Birthing Cool
It’s a common pub question: “What music would you have at your funeral?”
Obviously, the more sarcastic of your friends will choose something ridiculous like The Jam’s ‘Going Underground’, or – if they’re intent on being cremated – this:
Yes, it’s The Crazy World Of Arthur Brown. Or in the case of the 1975 re-release (this video), just plain old Arthur and a television studio work-experience branding a fire extinguisher. Clearly Arthur’s world was a little too crazy for the rest of the band. Who can blame them? Would you hang out with a guy whose hat was always on fire? Poor old Arthur. Too crazy to live, too crazy to just bugger off.

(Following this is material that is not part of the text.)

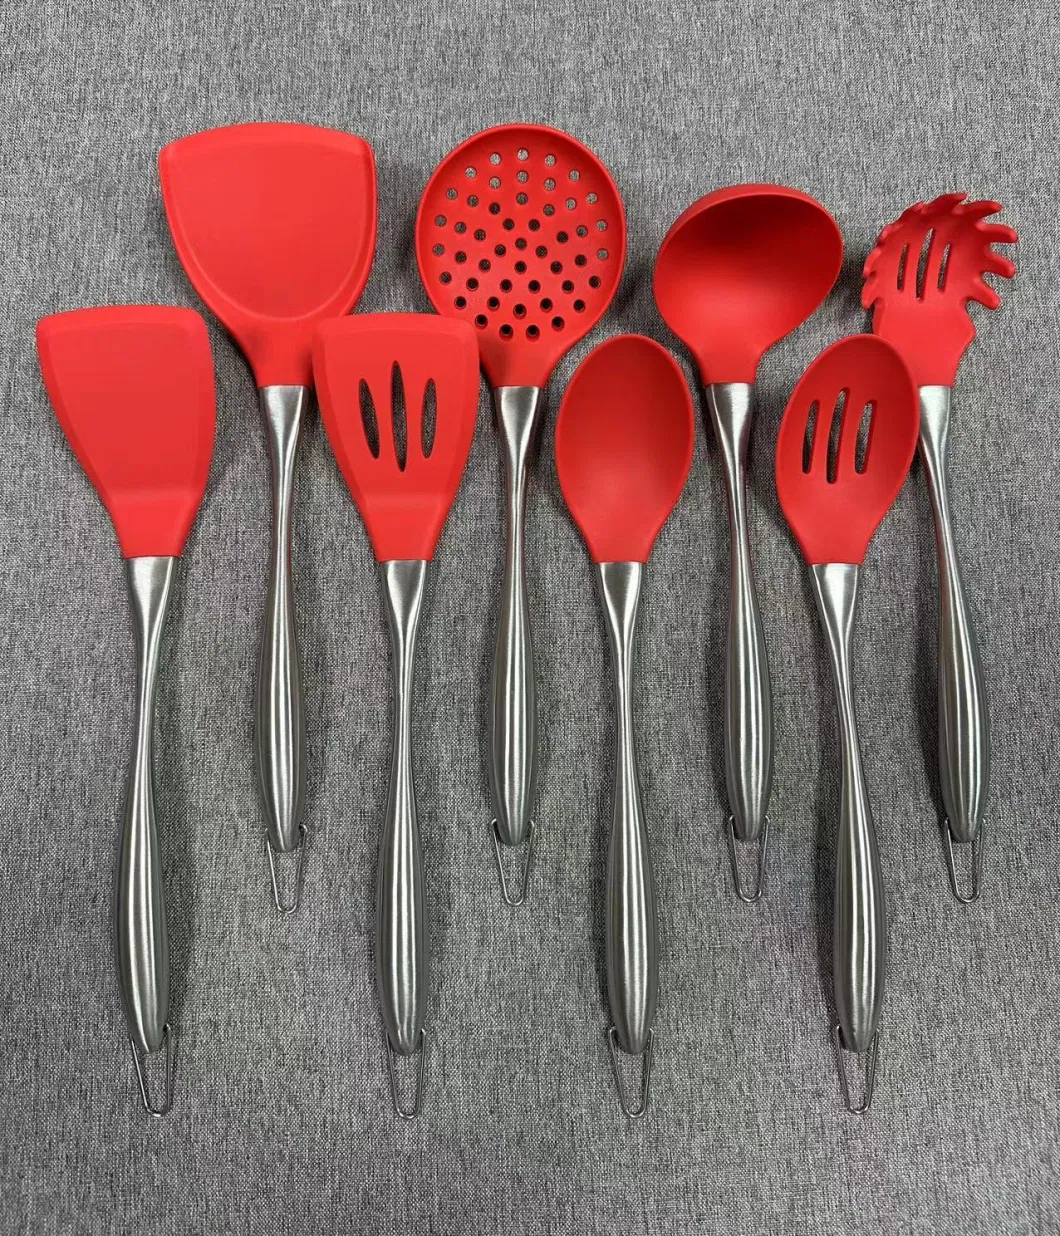 8 PCS High Quality Stainless Steel Handle Kitchen Cooking Silicone Utensil Set
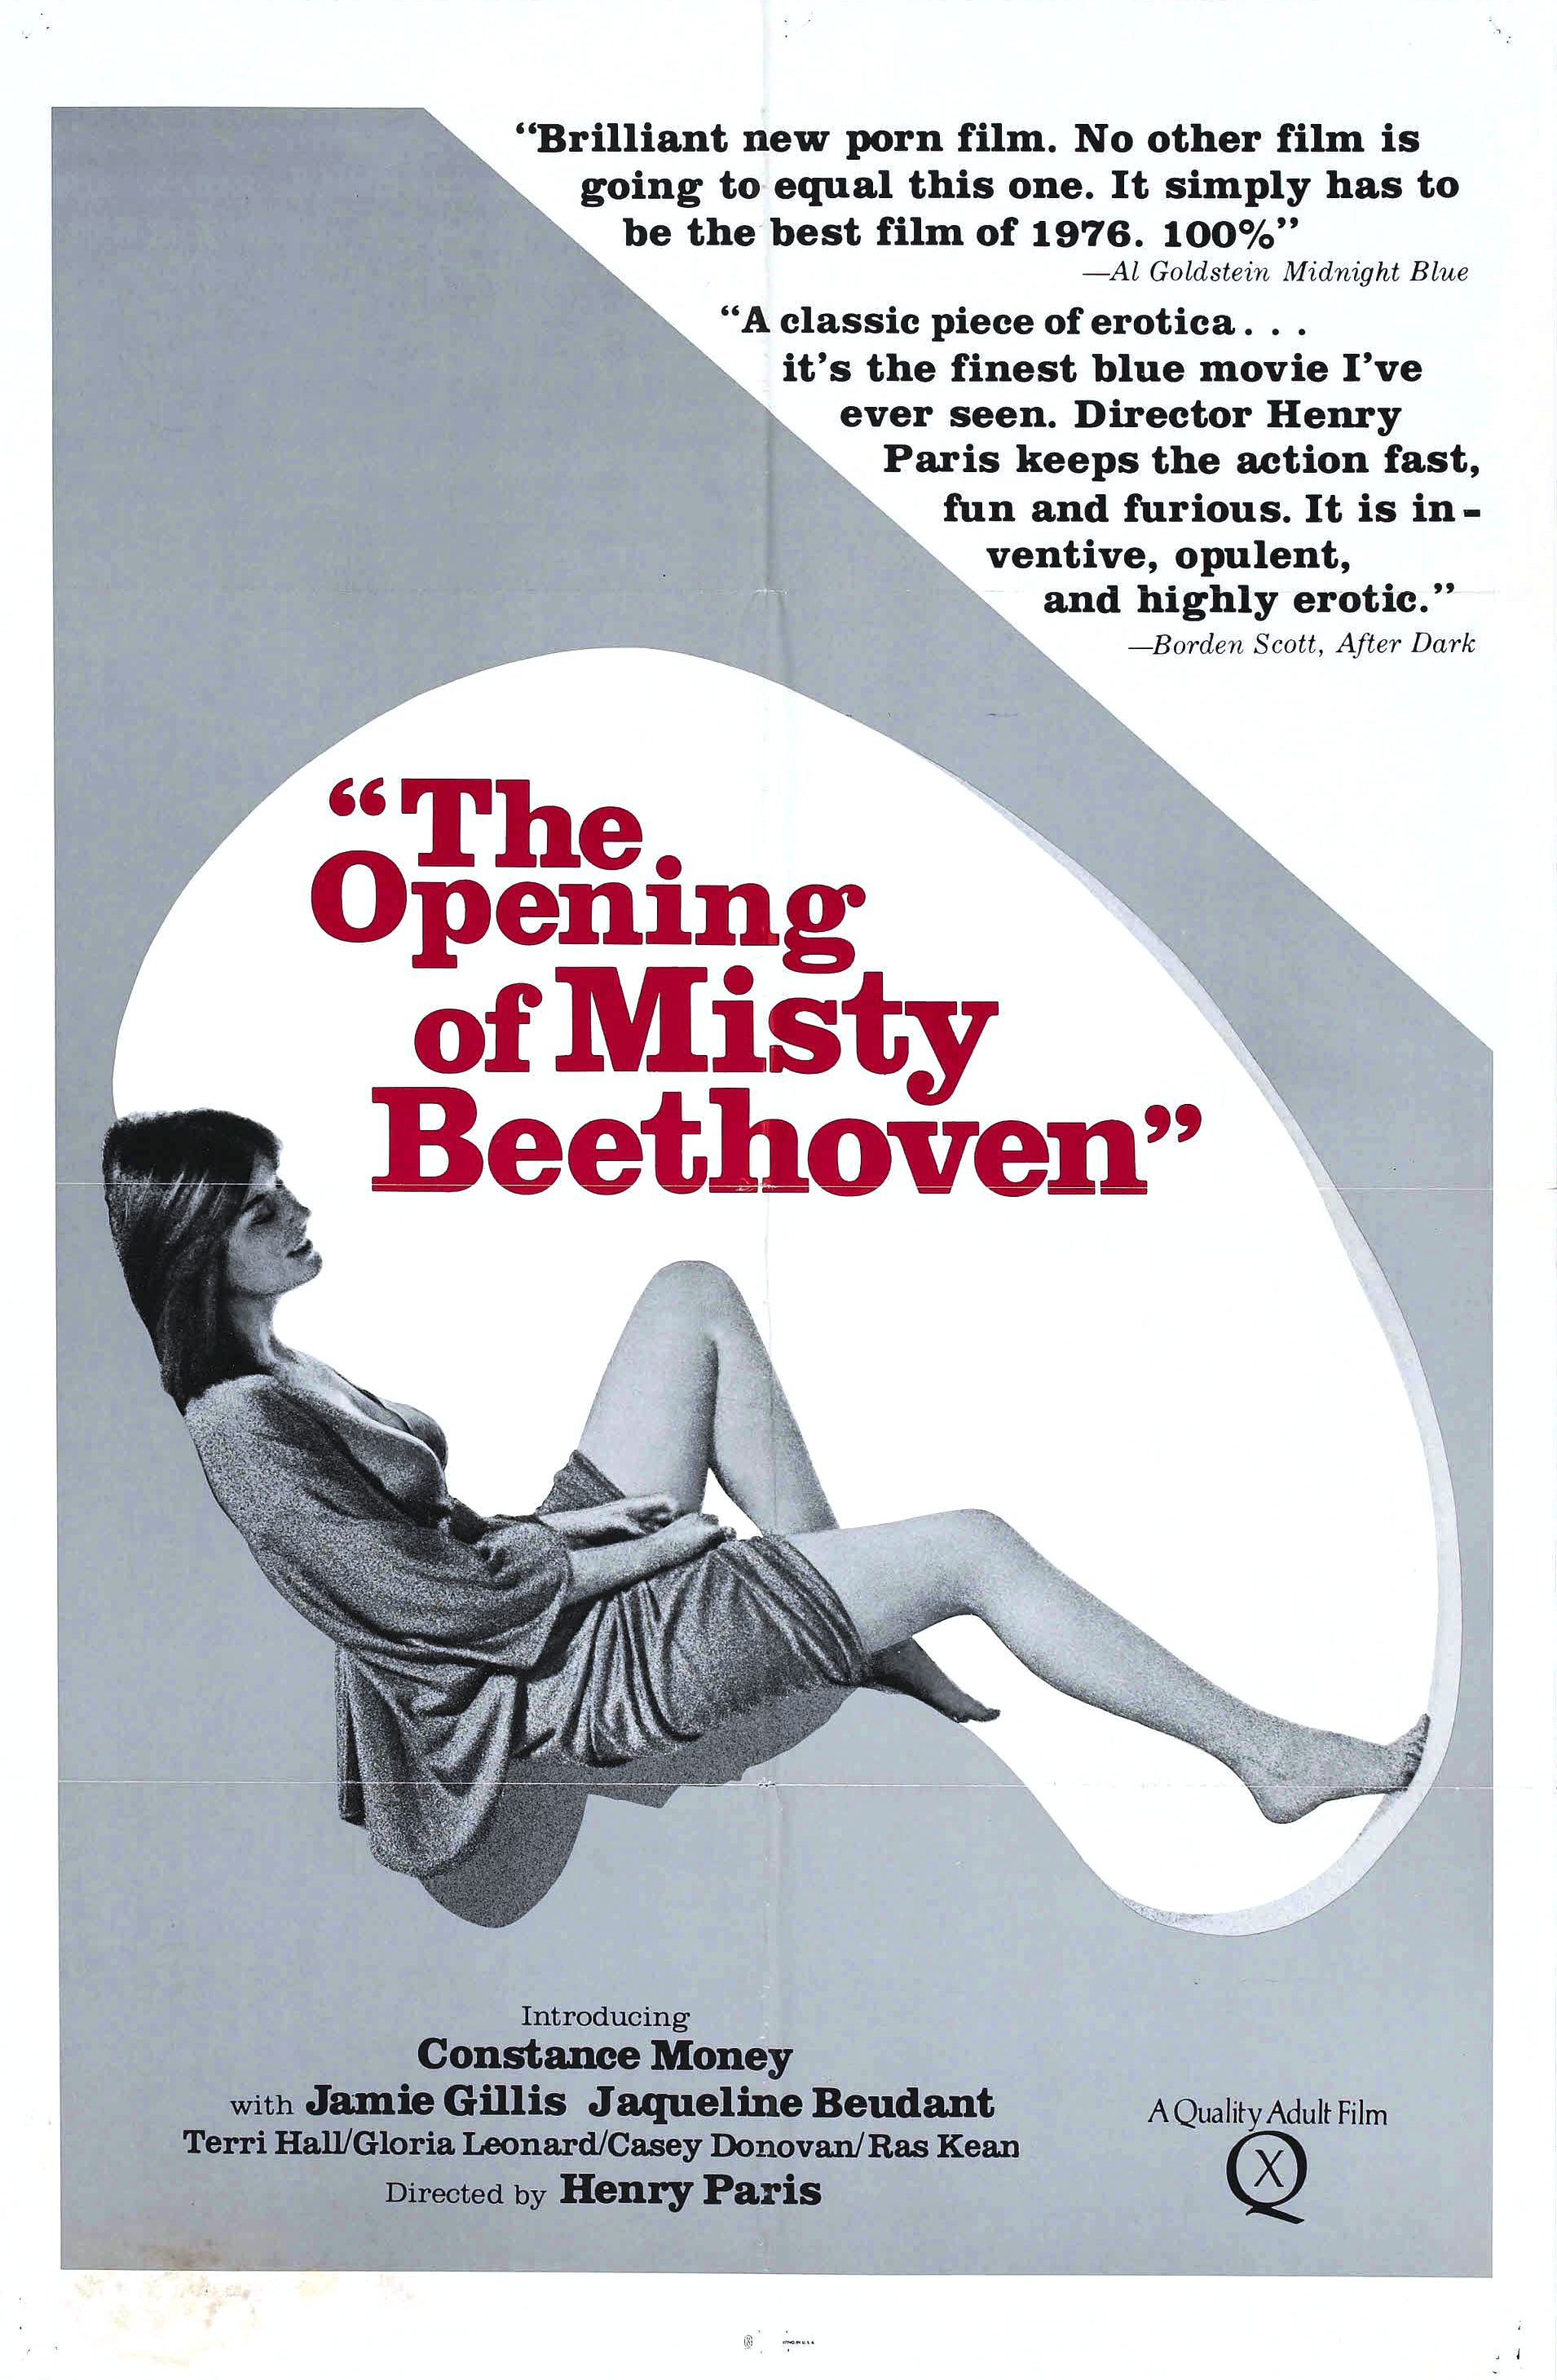 Uhura reccomend opening misty beethoven classic miss

As one of the YouTube commenters rather eloquently surmises: “THIS IS YOUR BRAIN ON ACID, kids”. Quite.
But this is all music to be boxed up and packed off to. What about the other end of your timeline? The bit that has you naked and covered in mucus and leaves your Mother with a limp? What’s the perfect soundtrack for that? Well, although “What was Number One when you were born?”* is another oft-asked pub question, it’s almost certainly the wrong one. The real question should be “What was playing when you were born?”, or “What was blasting out of the ward’s ghetto box as you slid into the world?”, or “Were you born to Steve Wright In The Afternoon?”.
You see, two friends are having a baby on 28th June, and already they know that – because the baby is breached – she/he/the hellish goat child of satan** will be delivered by caesarian section. This is where it gets interesting.
You see, the Doctors have said to them both that they can bring in their own CD for when the baby arrives.
“Don’t worry if you can’t think of anything,” the kindly Doctor reassured the Father, “we can always just put the radio on.”
Immediately alarm bells were ringing in my friend’s head. No child of his was going to be born to the dulcet tones of Chris Moyles, he asserted, very responsibly. He’ll be a good Dad, you can tell.
So here are a couple of ideas for what to get born to:
The Ramones – ‘Blitzkreig Bop’ Could there be anything cooler to get born to than the dumbassed leather jackets’n’smack punk of The Ramones? Plus, the bark of “Hey! Ho! Let’s Go!” may serve as an encouraging impetus to both Mother and baby.
Baby name: Johnny (Boy), Dee-Dee (Girl)
Cat Stevens – ‘The First Cut Is The Deepest’ Actually I think this might be in entirely poor taste.
Baby name: Yusuf (Boy), Cat (Girl)
Diana Ross – ‘I’m Coming Out’ It’d be literal, but might also encourage your child to grow up as a flamboyant homosexual. Not that there’s anything wrong with being a flamboyant homosexual.
Baby name: Niall (Boy), Harriet (Girl)
The Stone Roses – ‘I Am The Resurrection’ Tempting fate, I think.
Baby name: Jesus (Boy), Mary (Girl)
Or Arthur Brown’s ‘Fire’, just for the sheer hell (sorry) of it.
*You can find out here http://www.everyhit.com/dates/. Mine was Dexy’s Midnight Runners’ ‘Come On Eileen’. I don’t really know if that means anything.
**I’m sure this won’t happen guys, don’t worry.